Another Ticket is the seventh solo studio album by Eric Clapton. Recorded and produced by Tom Dowd at the Compass Point Studios in Nassau, Bahamas with Albert Lee, it was Clapton's last studio album for RSO Records before the label shut down in 1983 as it was absorbed by Polydor Records. It received moderate reviews and achieved modest commercial success peaking at No. 18 in the UK charts.

==Release==
It was his last album for RSO Records. Another Ticket was recorded at the Compass Point Studios in Nassau, Bahamas and features fellow guitarist and country legend, Albert Lee. The album was originally released as a gramophone record, accompanied by a music cassette & 8-Track cartridge. In 1990 the album was released on compact disc format and was made available for digital music download in 1996.

==Chart performance==
The studio album was successful in the charts, reaching the Top 40 in seven countries, on three of which it peaked in the Top 10. In New Zealand, the release reached its highest position at No. 3. In Norway and in the United States, Another Ticket reached Nos. 5 and 7, respectively. In the United Kingdom, the release placed itself at No. 18. In Germany and Sweden, the album reached No. 26. In the Netherlands, Another Ticket peaked at No. 38.

==Reception==

In a retrospective review for AllMusic, William Ruhlmann feels that the album is "star-crossed", "not too shabby", and while it "wasn't great Clapton" it should have got more notice than it did. Rolling Stone journalist John Piccarella notes: "Rita Mae” [...] is the only song on side two that’s not about dying. It's about murder. As an artist often criticized for mellowing out, Eric Clapton has succeeded in making very popular music from an authentic and deeply tragic blues sensibility.

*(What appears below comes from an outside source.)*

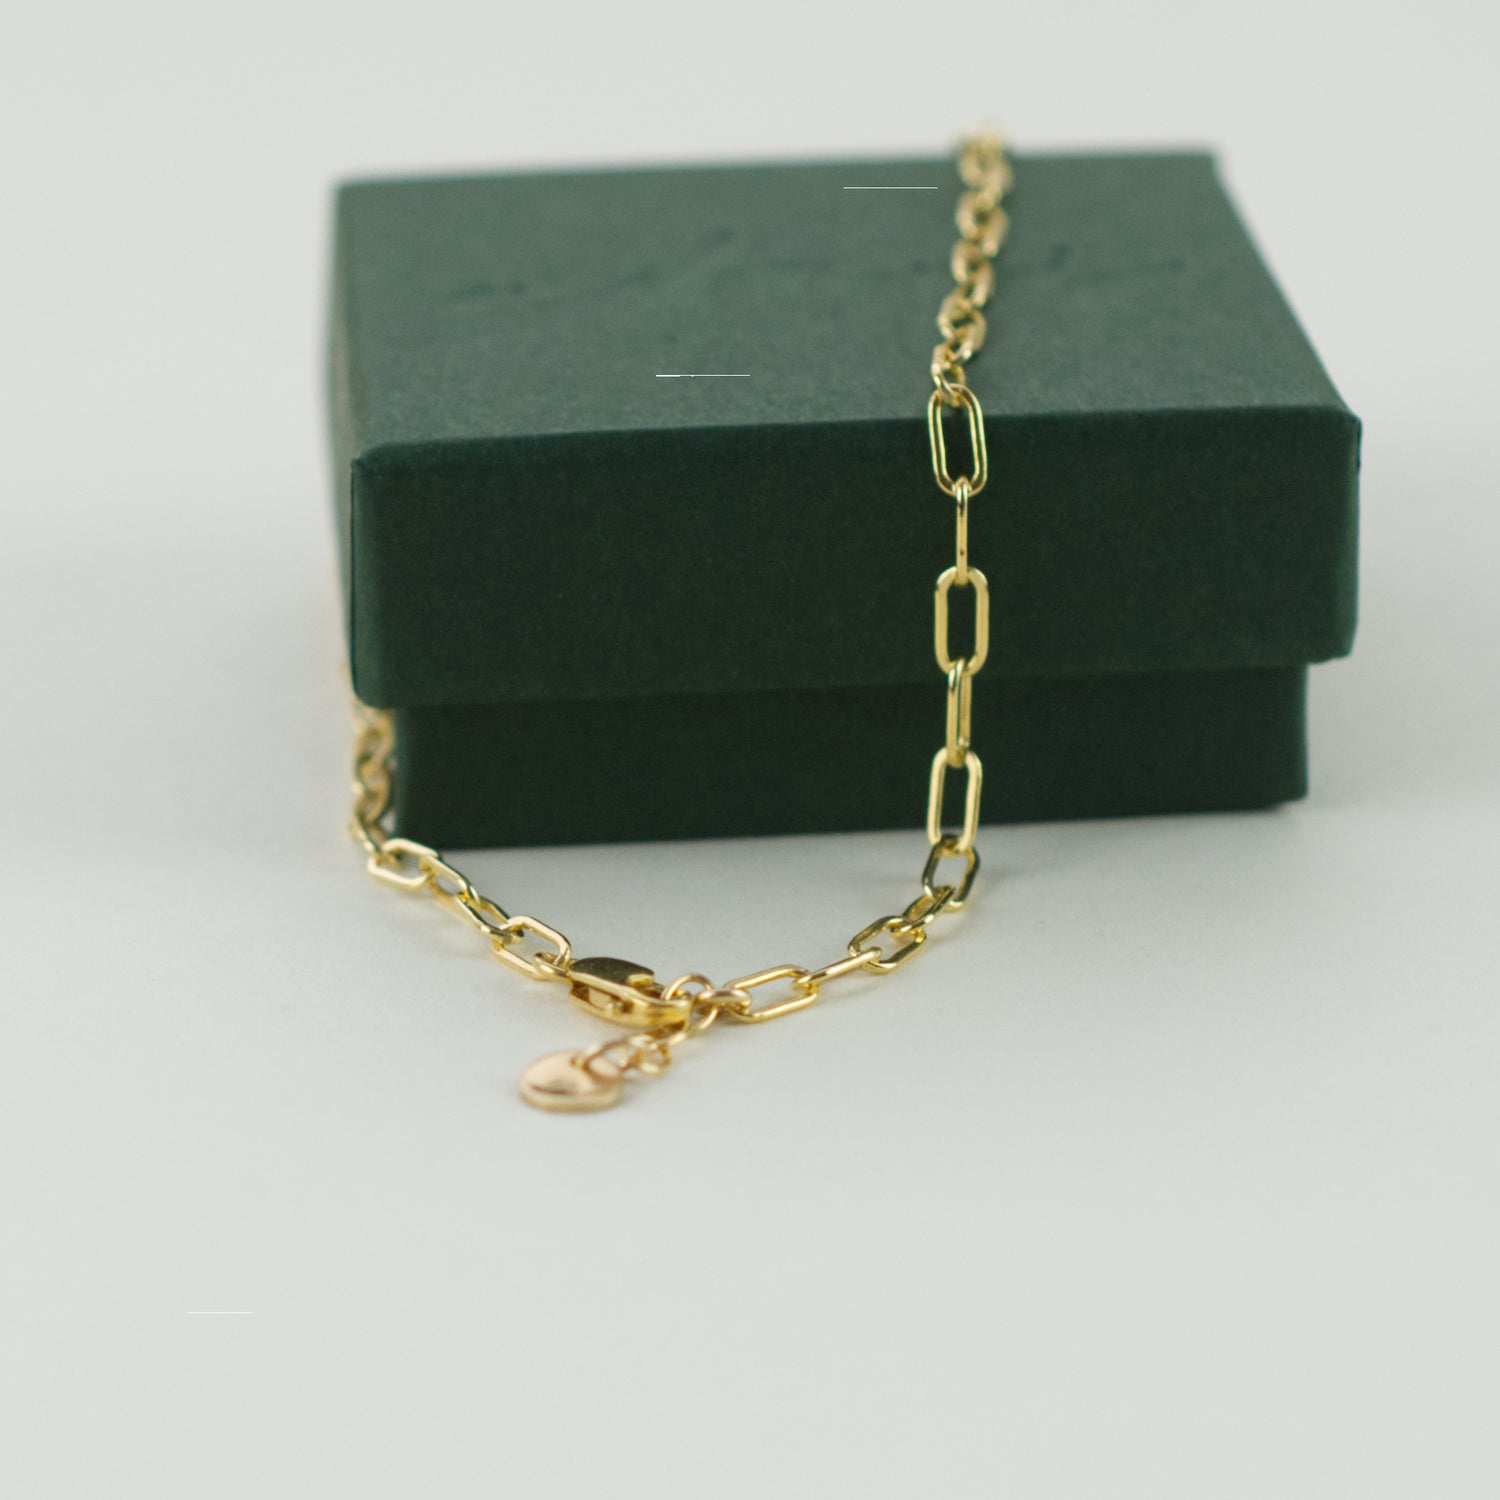 14K Gold Fill Paperclip Chain Anklet with a lobster clasp and a 3 ring adjustable closure

He addresses both the heart and the charts in the same way: with a bullet."

Robert Palmer of The New York Times said the album was "dominated by commercial soft rock and evidences little of his celebrated mid-60's fire. He is a singer and songwriter who now just happens to play guitar, not an aggressive soloist."

Professional ratings
Review scores
| Source | Rating |
| AllMusic | link |
| Rolling Stone | link |

==Songs==
Record World said of the title track that "light keyboard melodies back Clapton's little tenor and the production is superb."

==Track listing==
All tracks written by Eric Clapton, except where noted.

Side one
| No. | Title | Writer(s) | Length |
|---|---|---|---|
| 1. | "Something Special" |  | 2:36 |
| 2. | "Black Rose" | Troy Seals; Eddie Setser; | 3:44 |
| 3. | "Blow Wind Blow" | Muddy Waters | 2:58 |
| 4. | "Another Ticket" |  | 5:43 |
| 5. | "I Can't Stand It" |  | 4:07 |

Side two
| No. | Title | Writer(s) | Length |
|---|---|---|---|
| 1. | "Hold Me Lord" |  | 3:27 |
| 2. | "Floating Bridge" | Sleepy John Estes | 6:32 |
| 3. | "Catch Me If You Can" | Clapton; Gary Brooker; | 4:24 |
| 4. | "Rita Mae" |  | 5:03 |
| Total length: |  |  | 38:34 |

== Personnel ==
- Eric Clapton – guitars, vocals
- Gary Brooker – keyboards, backing vocals
- Chris Stainton – keyboards
- Albert Lee – guitars, backing vocals
- Dave Markee – bass
- Henry Spinetti – drums, percussion

== Production ==
- Tom Dowd – producer, engineer
- Michael Carnevale – engineer at Compass Point Studios.
- Kendal Stubbs – assistant engineer at Compass Point Studios.
- Bob Castle – assistant engineer at Criteria Studios.
- Jon Walls – assistant engineer at AIR Studios.
- Mike Fuller – mastering at Criteria Studios.
- Rob O'Connor – art direction, design
- Steve Sandon – photography
- Alan Dempsey – hand lettering

==Charts==

===Weekly charts===

| Chart (1981) | Peak position |
|---|---|
| Australian Albums (Kent Music Report) | 30 |
| Canada Top Albums/CDs (RPM) | 20 |
| Dutch Albums (Album Top 100) | 38 |
| German Albums (Offizielle Top 100) | 26 |
| Italian Albums (Musica e Dischi) | 22 |
| Japanese Albums (Oricon) | 27 |
| New Zealand Albums (RMNZ) | 3 |
| Norwegian Albums (VG-lista) | 5 |
| Swedish Albums (Sverigetopplistan) | 26 |
| UK Albums (OCC) | 18 |
| US Billboard 200 | 7 |

===Year-end charts===

| Chart (1981) | Position |
|---|---|
| US Billboard 200 | 72 |

==Certifications==

| Region | Certification | Certified units/sales |
| Canada (Music Canada) | Gold | 50,000^{^} |
| United States (RIAA) | Gold | 500,000^{^} |
^{^} Shipments figures based on certification alone.